> [Exercise brief] Please transcribe the data below in full. Omit any picture you find in it.

> [Supplied information]
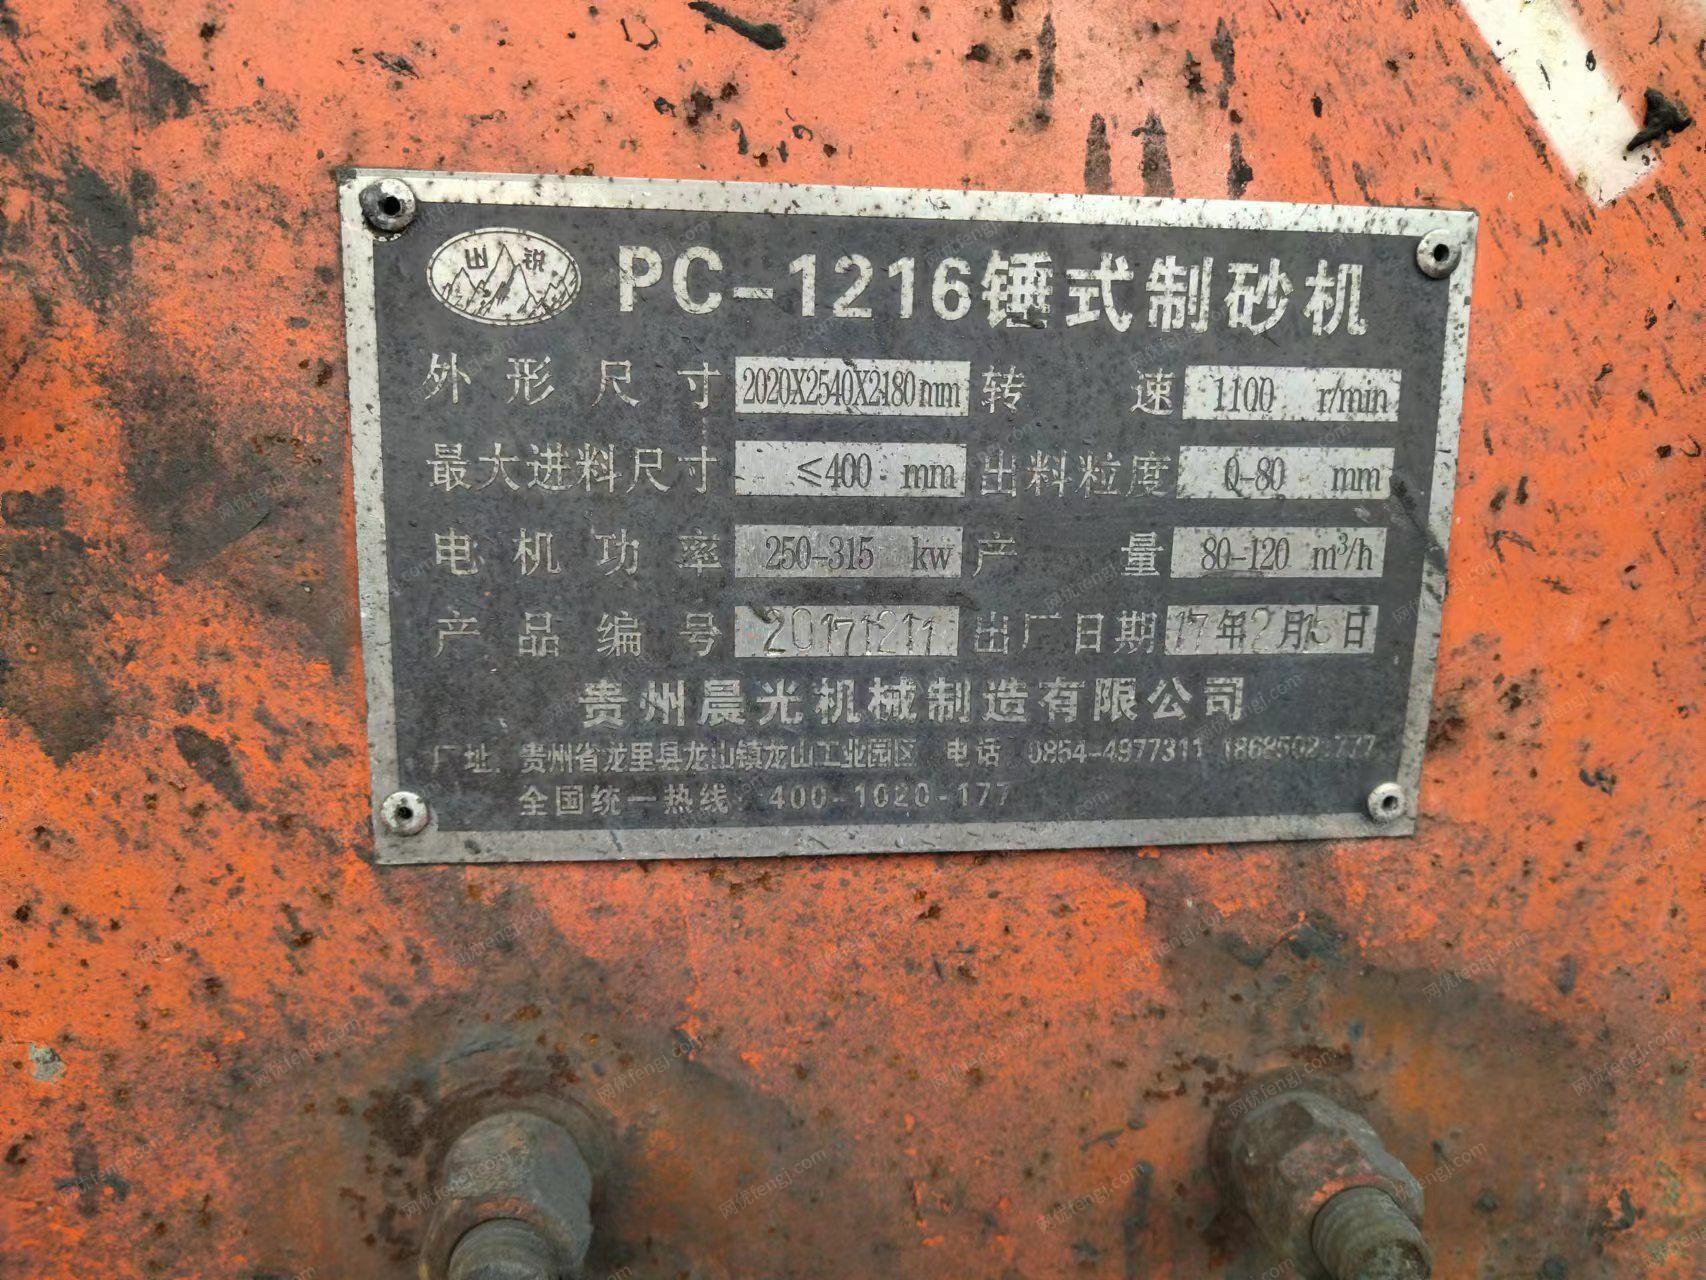 石料场打包急处理19年贵州315KVA变压器，每小时产100吨打砂机各1台，日产量1000多吨整条生产线，详见图，要的这两天尽快联系
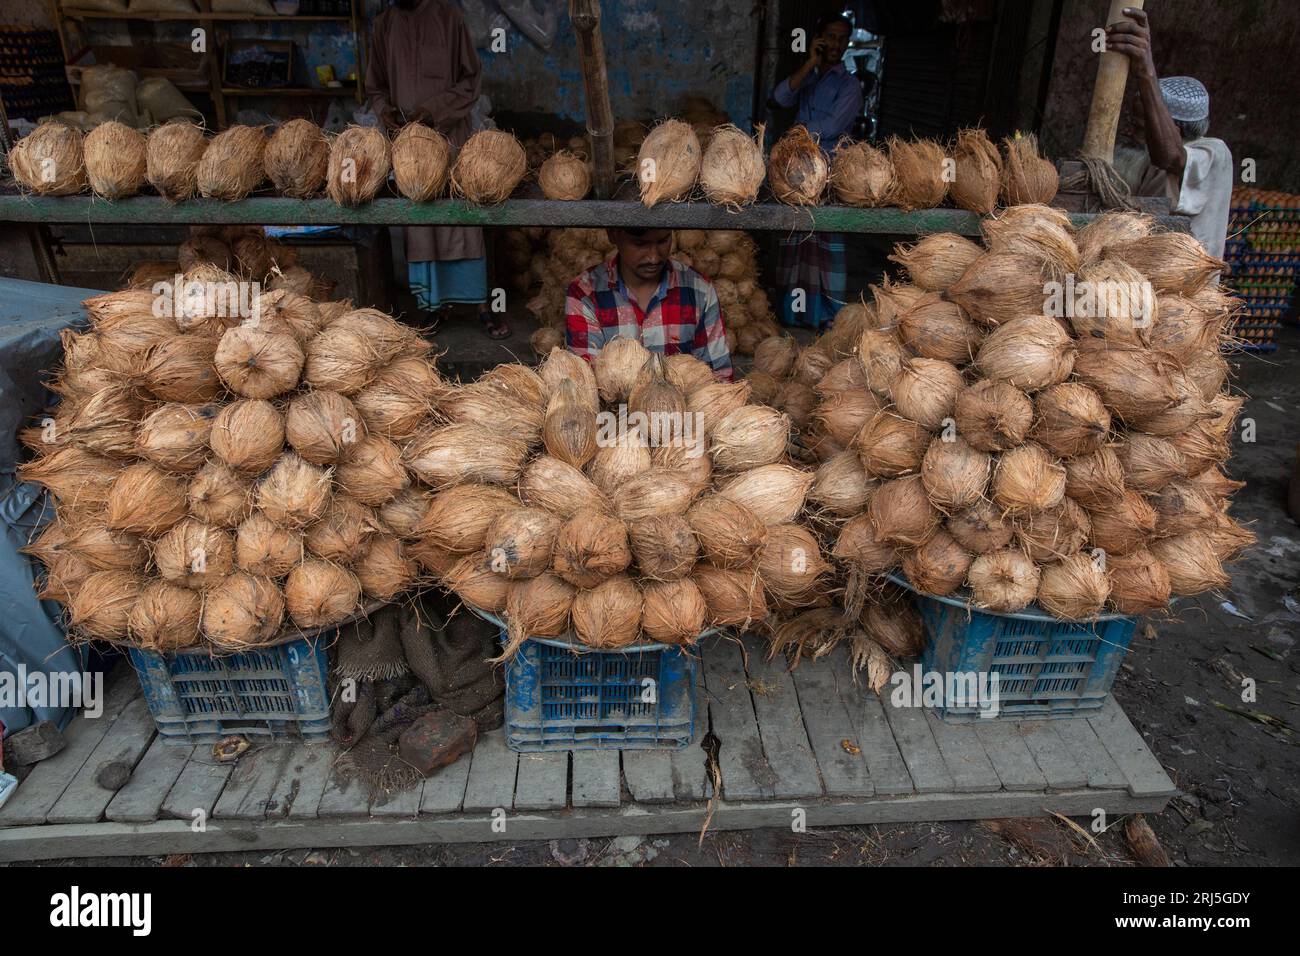 Vendeur de noix de coco au marché de Jurain Railgate où environ 600 colporteurs dirigent leurs entreprises sur les voies ferrées. Les fournisseurs retirent les capots de Banque D'Images
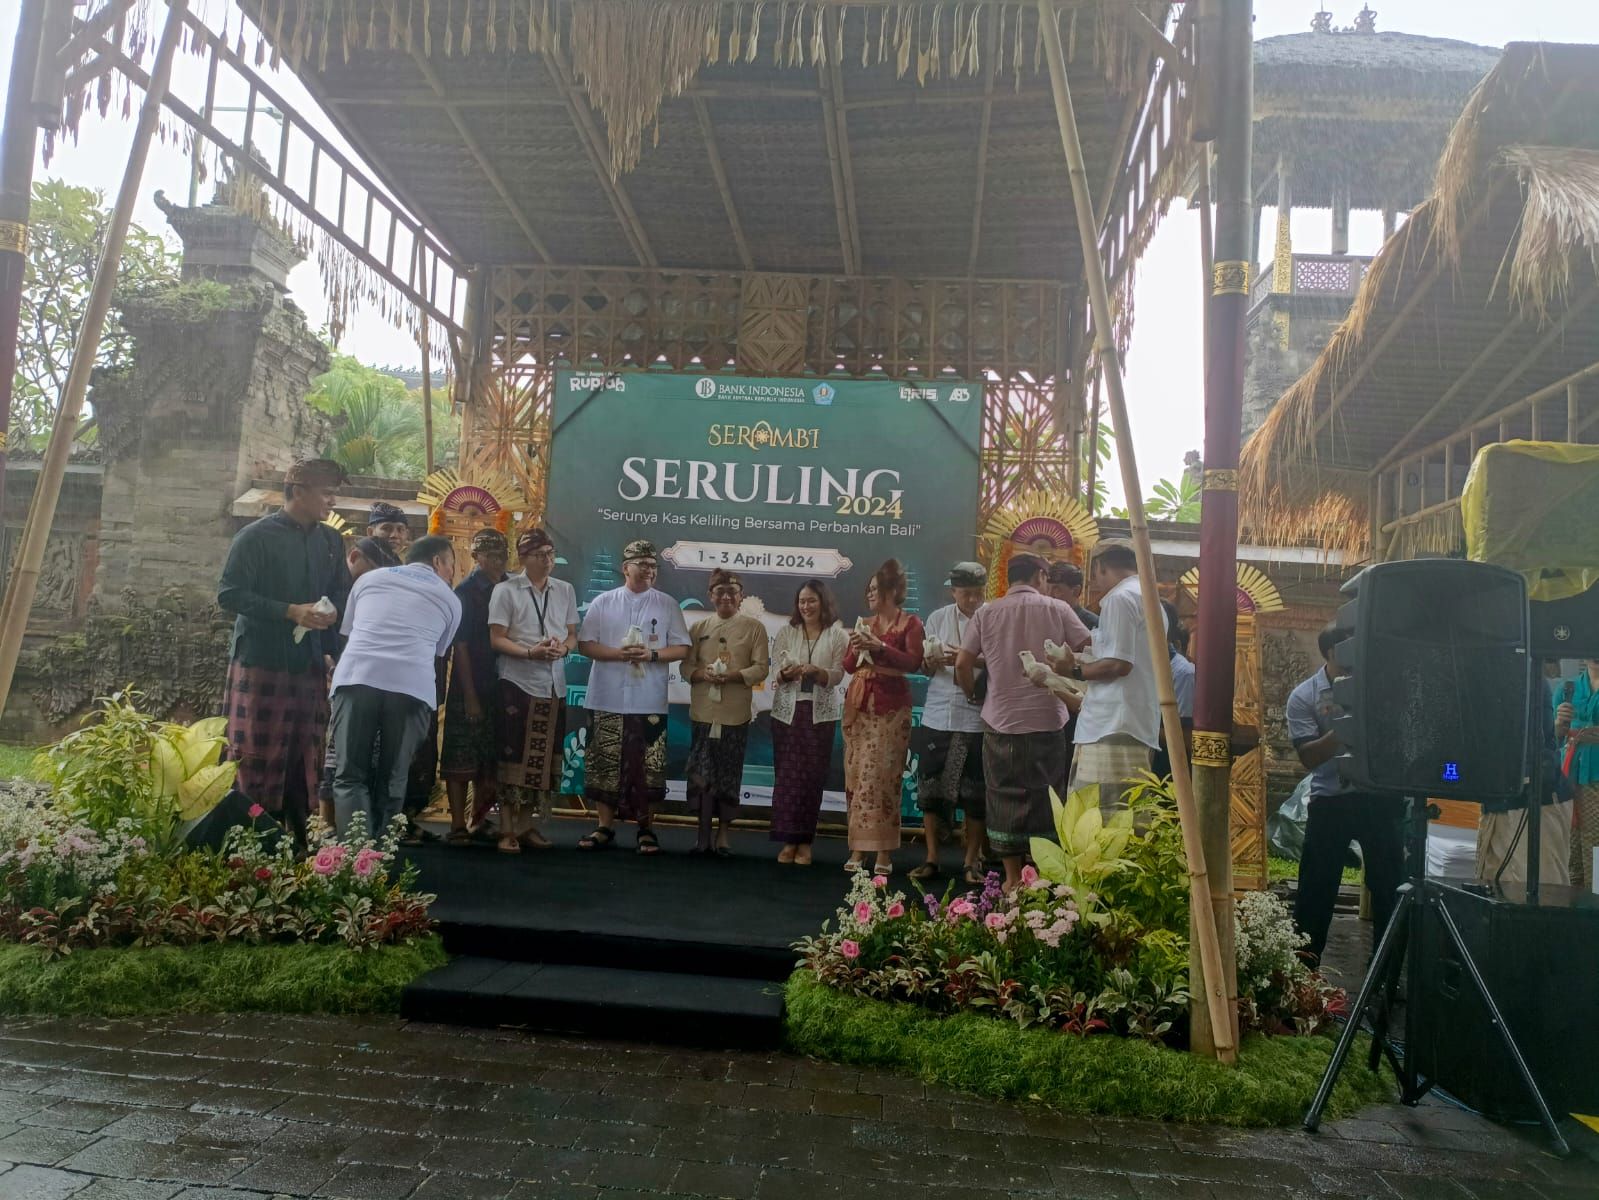 Pelepasan Burung Merpati menandai dibukanya program Seruling di Denpasar yang berlangsung 1-3 April 2024.

> [Result of the exercise]
 石料场打包急处理19年贵州315KVA变压器，每小时产100吨打砂机各1台，日产量1000多吨整条生产线，详见图，要的这两天尽快联系
 Vendeur de noix de coco au marché de Jurain Railgate où environ 600 colporteurs dirigent leurs entreprises sur les voies ferrées. Les fournisseurs retirent les capots de Banque D'Images
 Pelepasan Burung Merpati menandai dibukanya program Seruling di Denpasar yang berlangsung 1-3 April 2024.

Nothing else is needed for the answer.